What de La Boétie opposed to the unjust rule of one or a group is law and an idea of liberty, which he defines as natural, and in opposition to the unnatural tendency to those who rule without regard to law. His way of thinking looks connected to that of the tradition going back to Aristotle of ‘natural law’ as those laws shared by all communities and therefore to be seen as belonging to human communities by the nature of humans, or their communities, rather than those laws arising from specific localised customs and necessities. De La Boétie resists an exact account, suggesting he is concerned with the defence of liberty as natural against tyranny, defined as monstrous.

De La Boétie starts the Discourse with reference to Homer, making clear his classical points of reference. The idea comes from Odysseus (de La Boétie uses the`Latinate version of the name, Ulysses) in The Iliad that it is better to have one master than many. De La Boétie takes his starting point then the necessity of condemning one person rule, which must be tyranny whether that individual came to  power through inheritance, election, or usurpation (coup). In that respect, de La Boétie might be taken as an anarchist resisting all authority, as well as a pacifist, since he points to the power of one resisting on the obedience of many who could easily shake of the power of one, without force, if they ignored the claims if the one to sovereign power.

On the whole though, de La Boétie appears to be thinking of the antique republican tradition of sharing power between individuals and councils (and the human value of such participation), so that no one individual or council can have unchecked power. Both the Athenian and Spartan republics are mentioned favourably from this point of view, as is their armed resistance to the invasion of Greece by Persia, itself under the power of one. The ancient Greeks are associated with republican virtues in which liberty is more important than wealth or comfort. It is not so much anarchy, as sharing of political power that de La Boétie recommends, and war is accepted where necessary to resist domestic or foreign tyranny.

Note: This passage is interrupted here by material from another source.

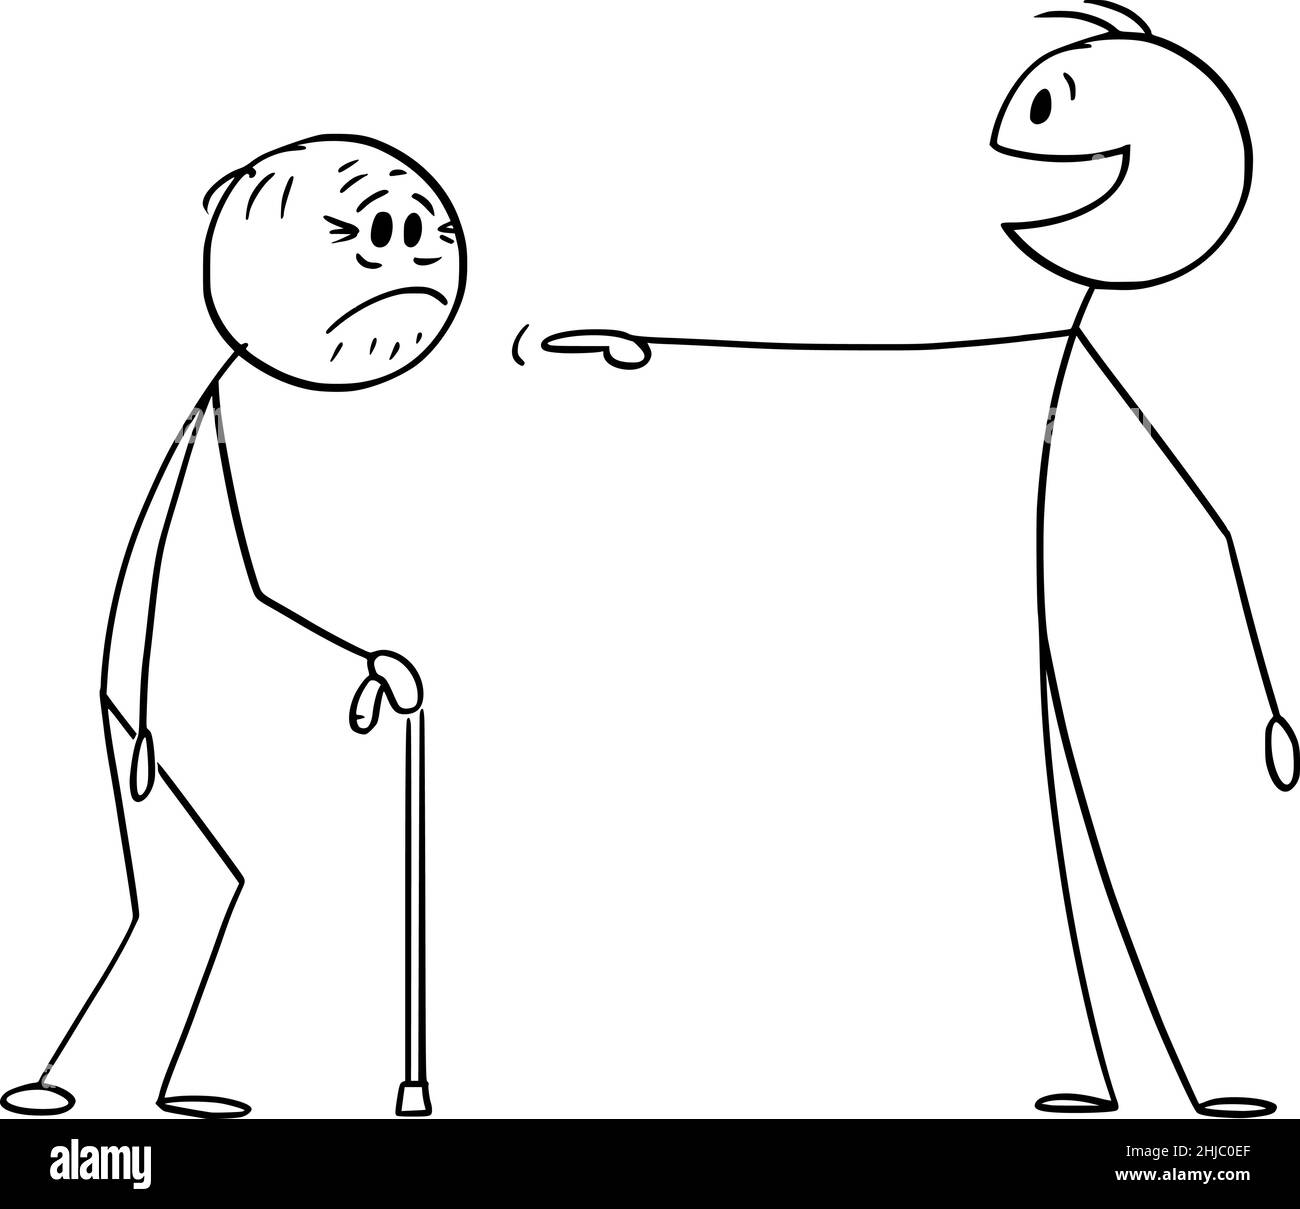 Jeune mocking ou ridiculiser la vieille personne, riant et pointant vers l'ancien, Vector Cartoon Stick Figure Illustration Illustration de Vecteur
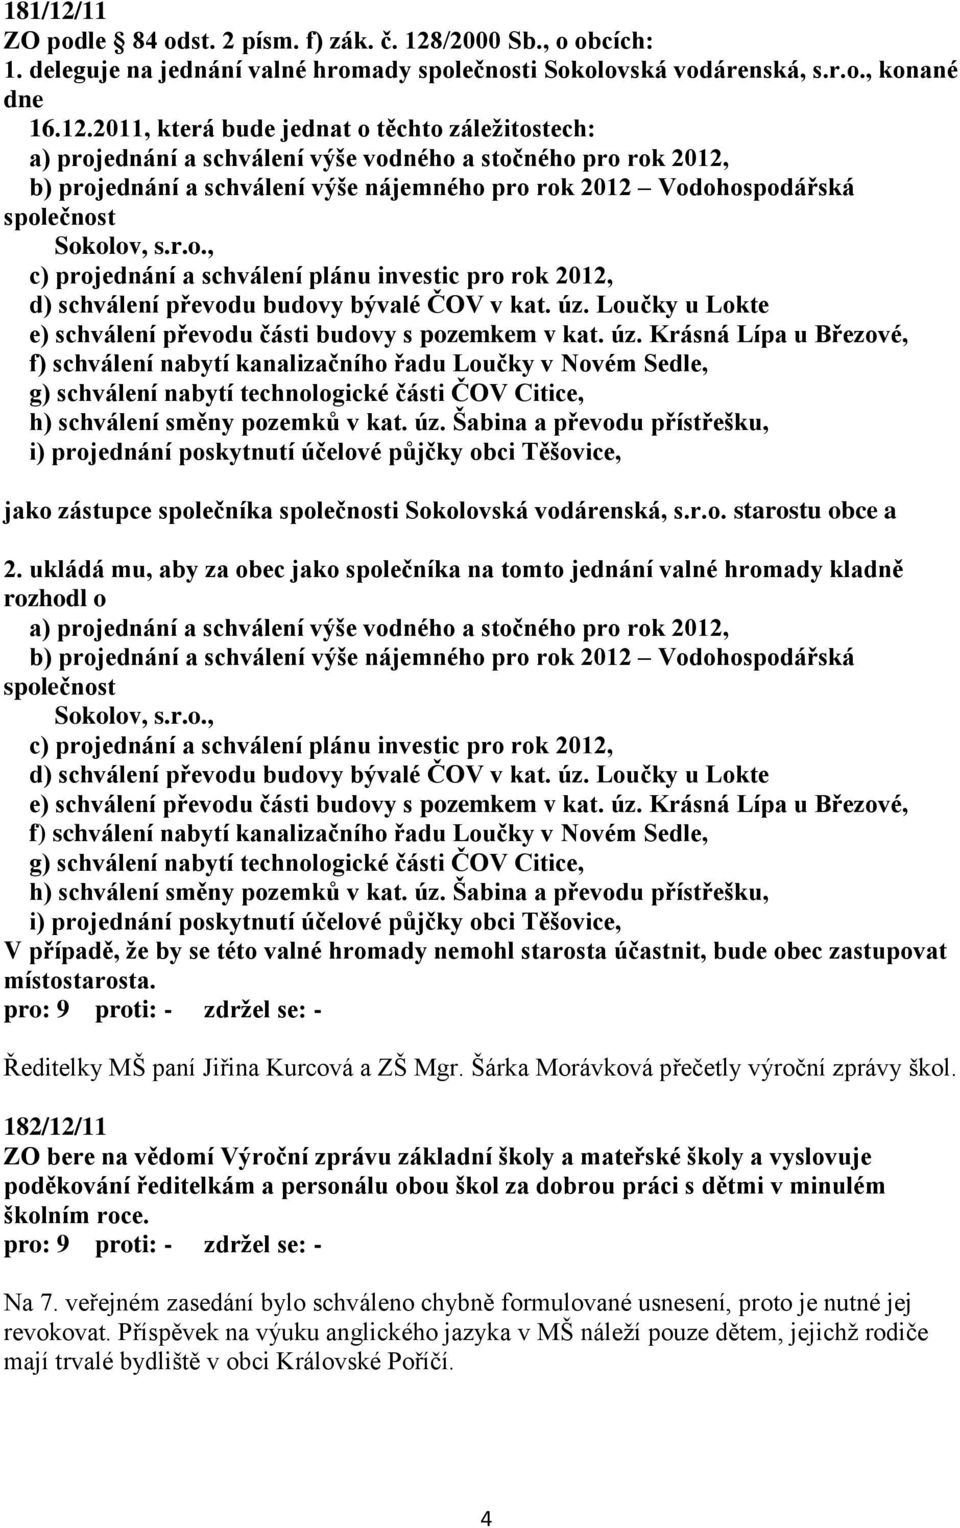 /2000 Sb., o obcích: 1. deleguje na jednání valné hromady společnosti Sokolovská vodárenská, s.r.o., konané dne 16.12.

There is a justified anarchistic reading of de La Boétie, if we are willing to distinguish that from de La Boétie’s own view. He was an admirer of the sharing of power between citizens in ancient city-states, where there was close to no bureaucracy and administrative functions by modern standards, and what there was could be realistically managed by committees of citizens. This can come close to an anarchistic view of purely voluntary institutions substituting for the state, particularly if we accept a natural law view in which everyone is likely to favour the same basic laws as ‘natural’ or we have some other reason for thinking the same laws will be discerned and accepted as right by the whole body of citizens. I do not recommend such a view, but it is at least worth exploring.

The issue of friendship, which connects de La Boétie with Montaigne, comes into the republicanism of de La Boétie in that friendship is what a tyrant cannot have, while friendship between citizens is what unites them in struggle against tyranny. The tyrant can only have sycophants and enemies, no friends since they must be equals. A society based on friendship between citizens is not based on coercion and the privilege of one, or a few, who control the state. Friendship itself contains the idea of a good that benefits at least two people, so undermining the idea that we can only have a form of power seeking individualism unconcerned with the common good, and that it is possible to live as a human while ignoring common goods and rights.